> _EXERCISE DATA_
════

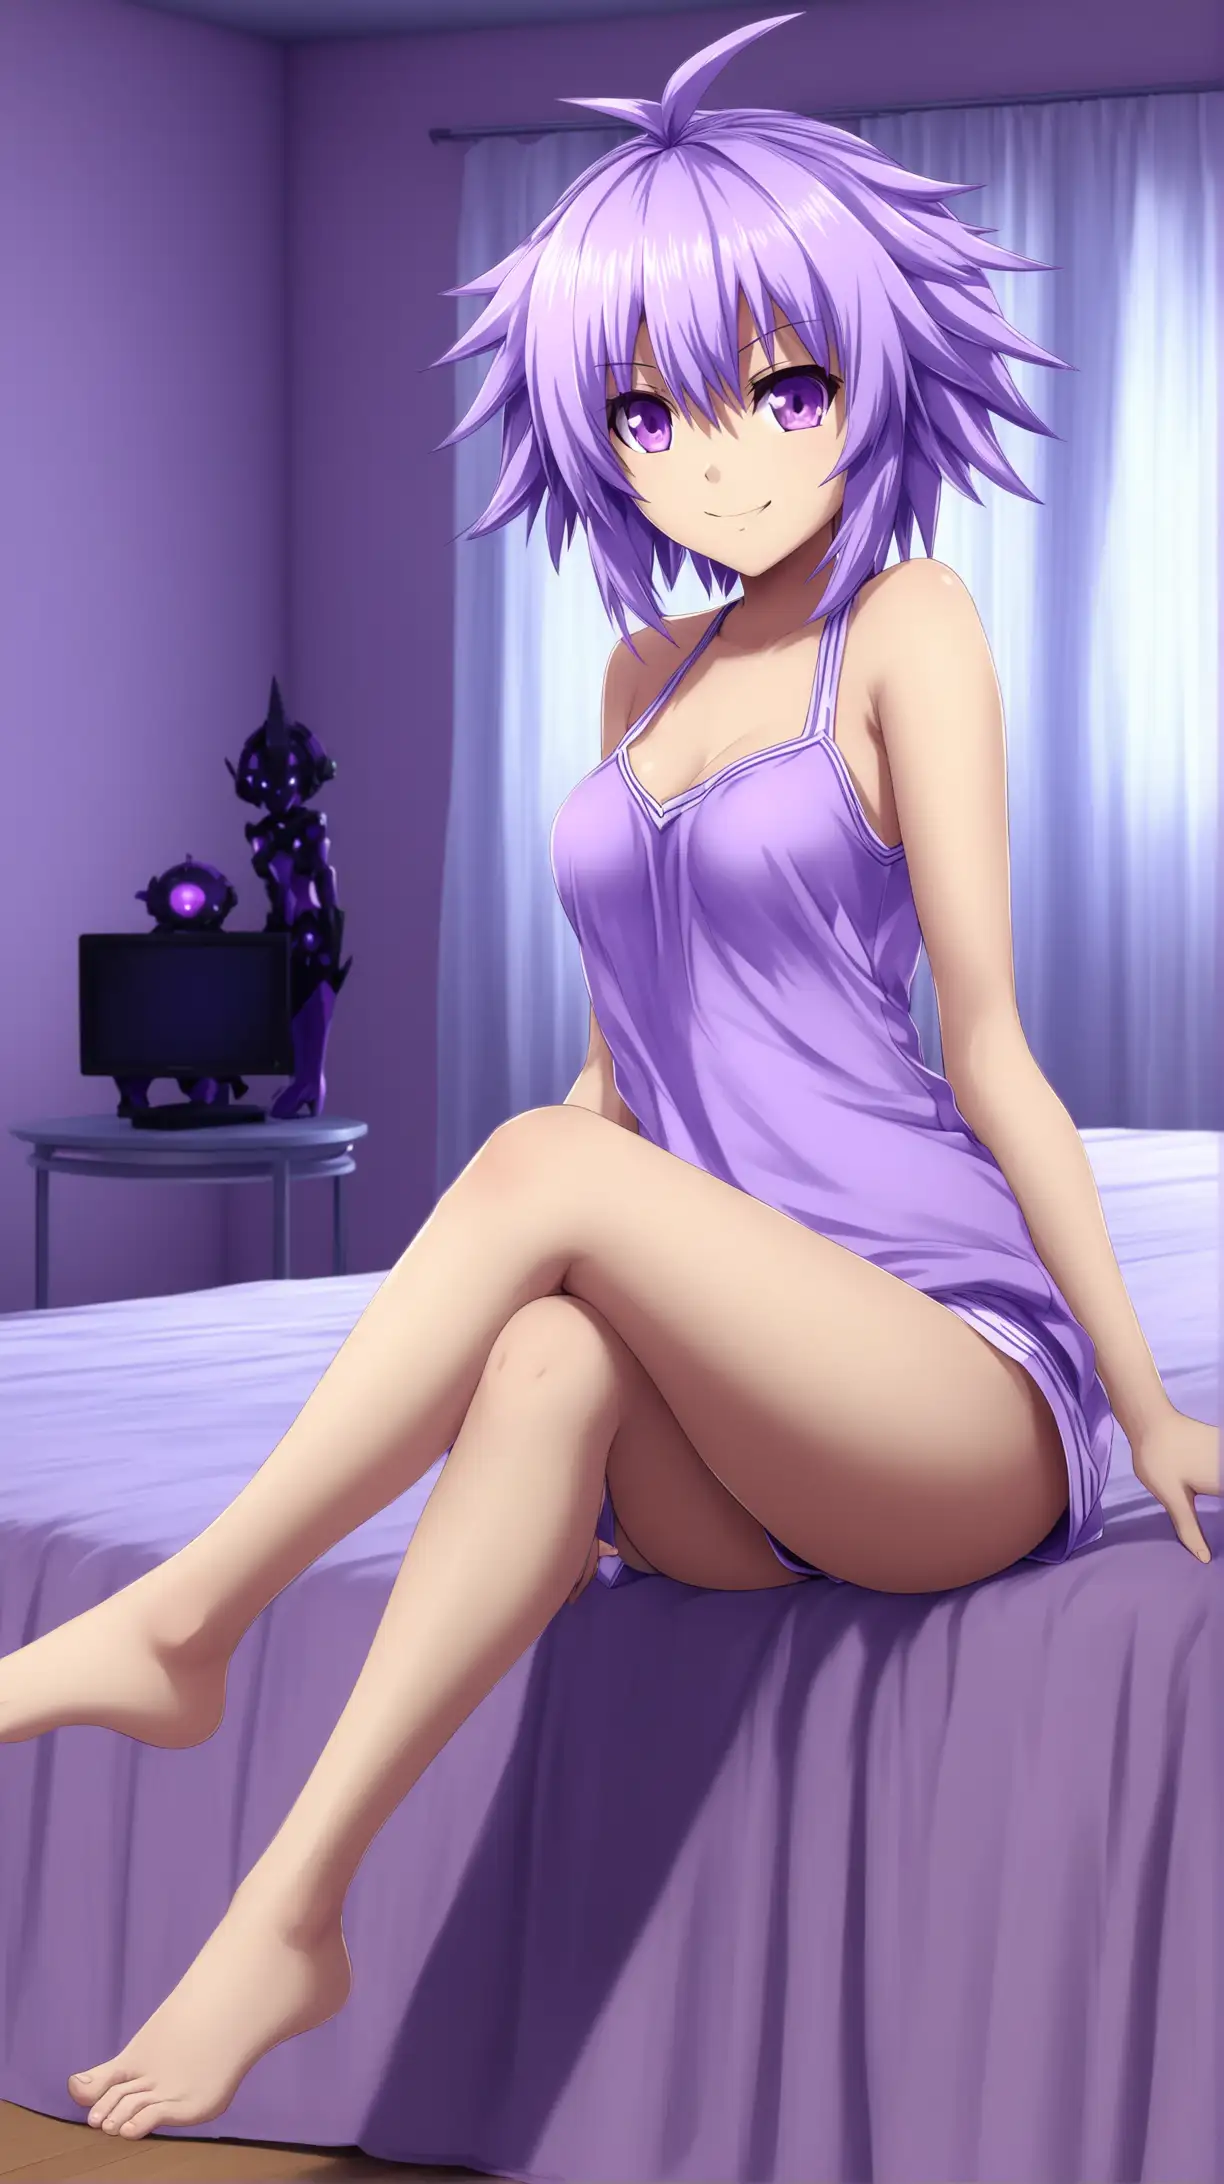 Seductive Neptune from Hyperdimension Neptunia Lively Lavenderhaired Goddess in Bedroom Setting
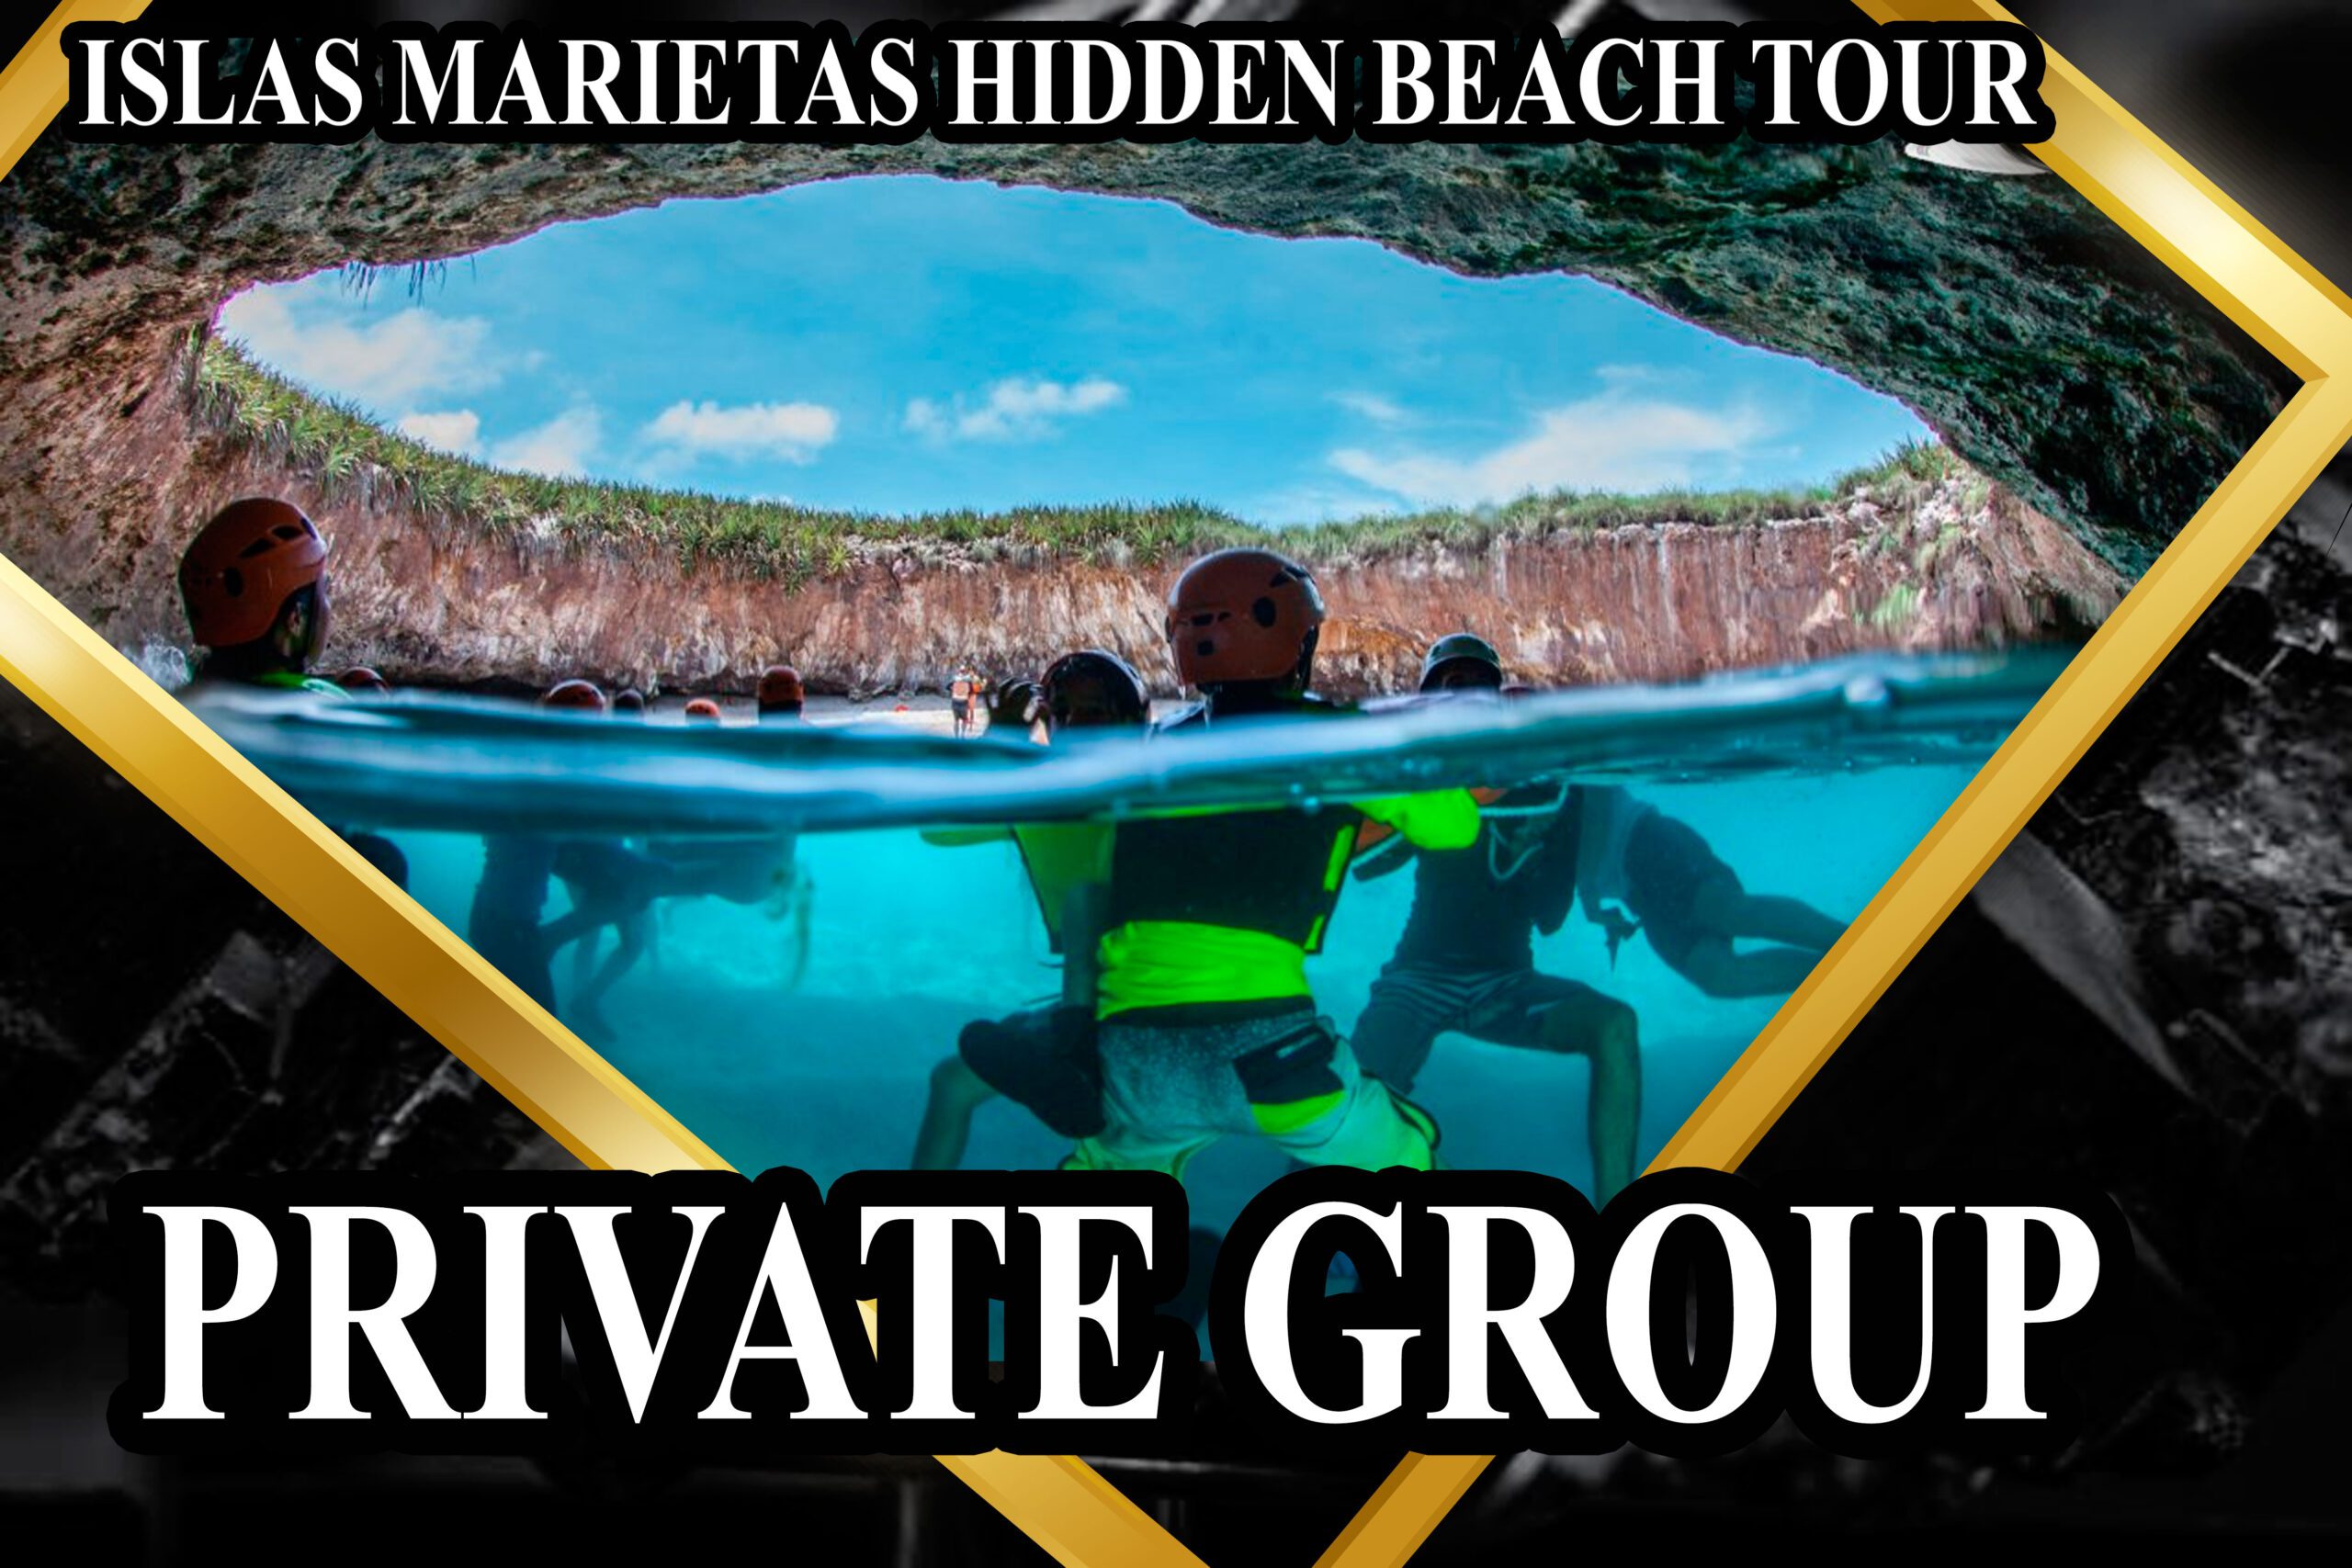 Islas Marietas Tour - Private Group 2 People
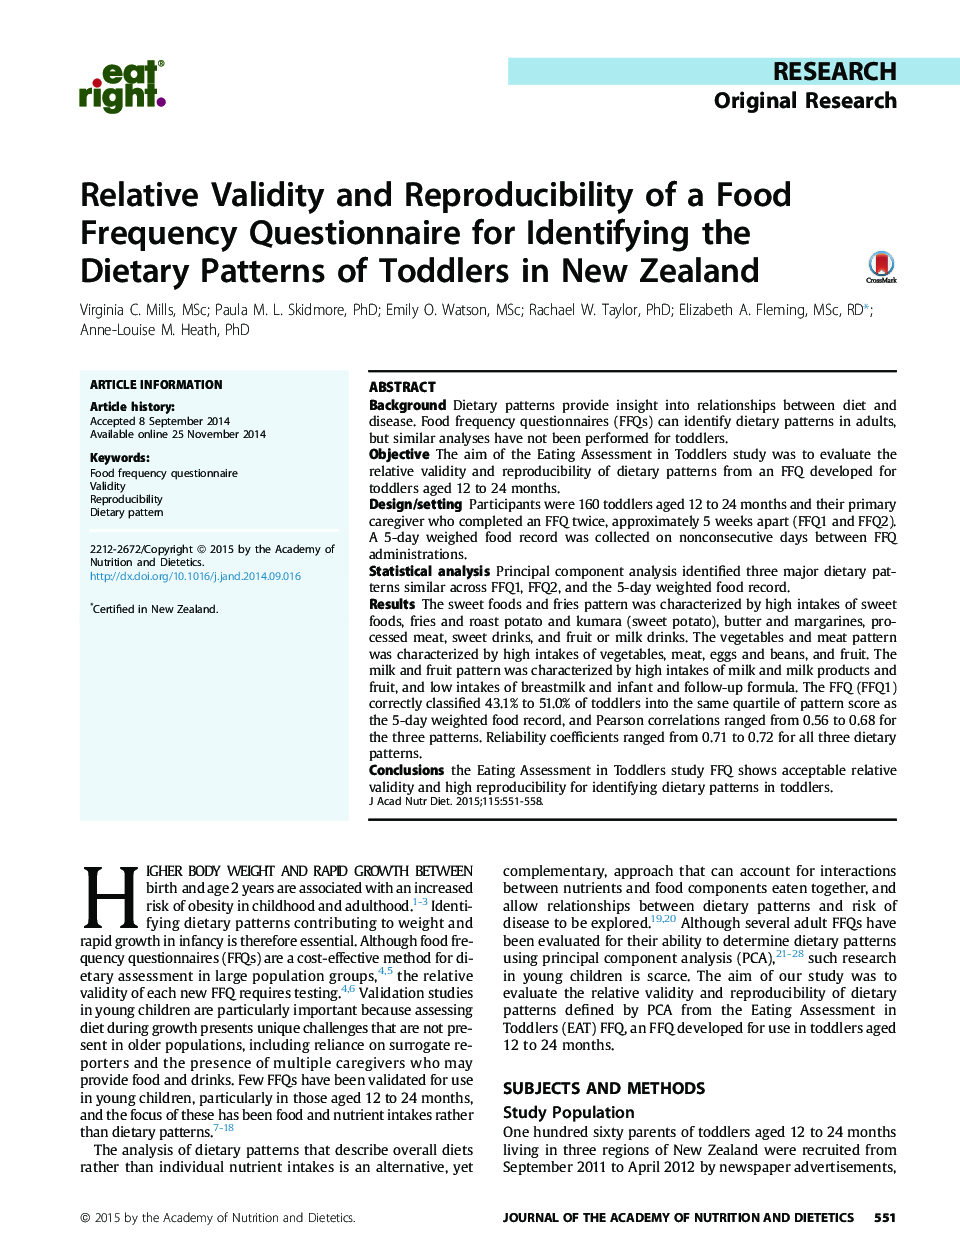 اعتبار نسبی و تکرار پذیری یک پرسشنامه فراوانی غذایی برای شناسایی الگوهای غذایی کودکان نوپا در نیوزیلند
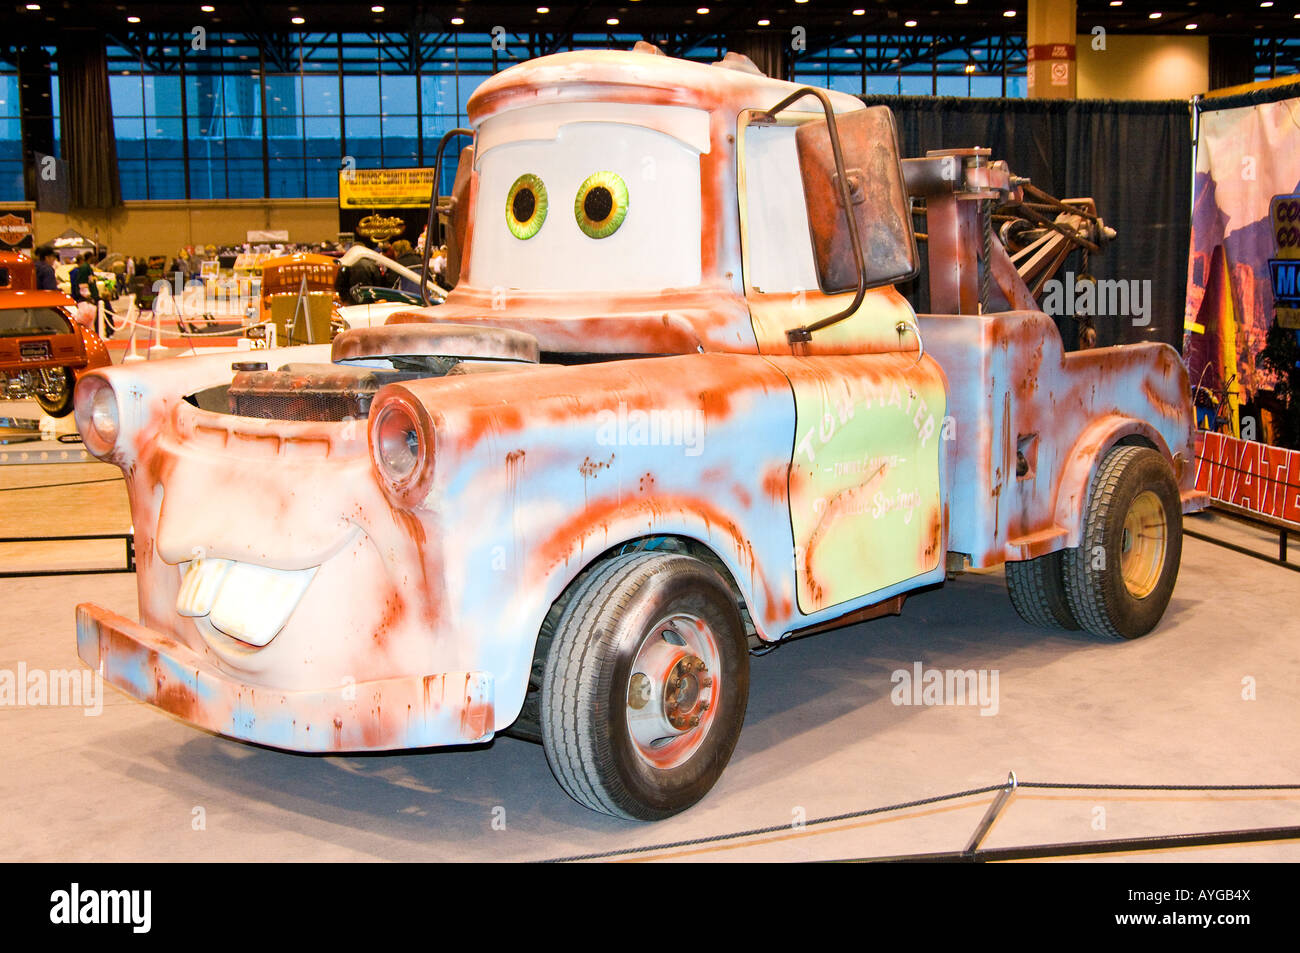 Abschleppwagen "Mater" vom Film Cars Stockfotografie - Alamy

════

> _WHAT YOU WILL DO_
Nothing but the listing, copied exactly and stripped of its images, should appear in the response.

> _TASK SOLUTION_
 Seductive Neptune from Hyperdimension Neptunia Lively Lavenderhaired Goddess in Bedroom Setting
 Islas Marietas Tour - Private Group 2 People
 اعتبار نسبی و تکرار پذیری یک پرسشنامه فراوانی غذایی برای شناسایی الگوهای غذایی کودکان نوپا در نیوزیلند
 Abschleppwagen "Mater" vom Film Cars Stockfotografie - Alamy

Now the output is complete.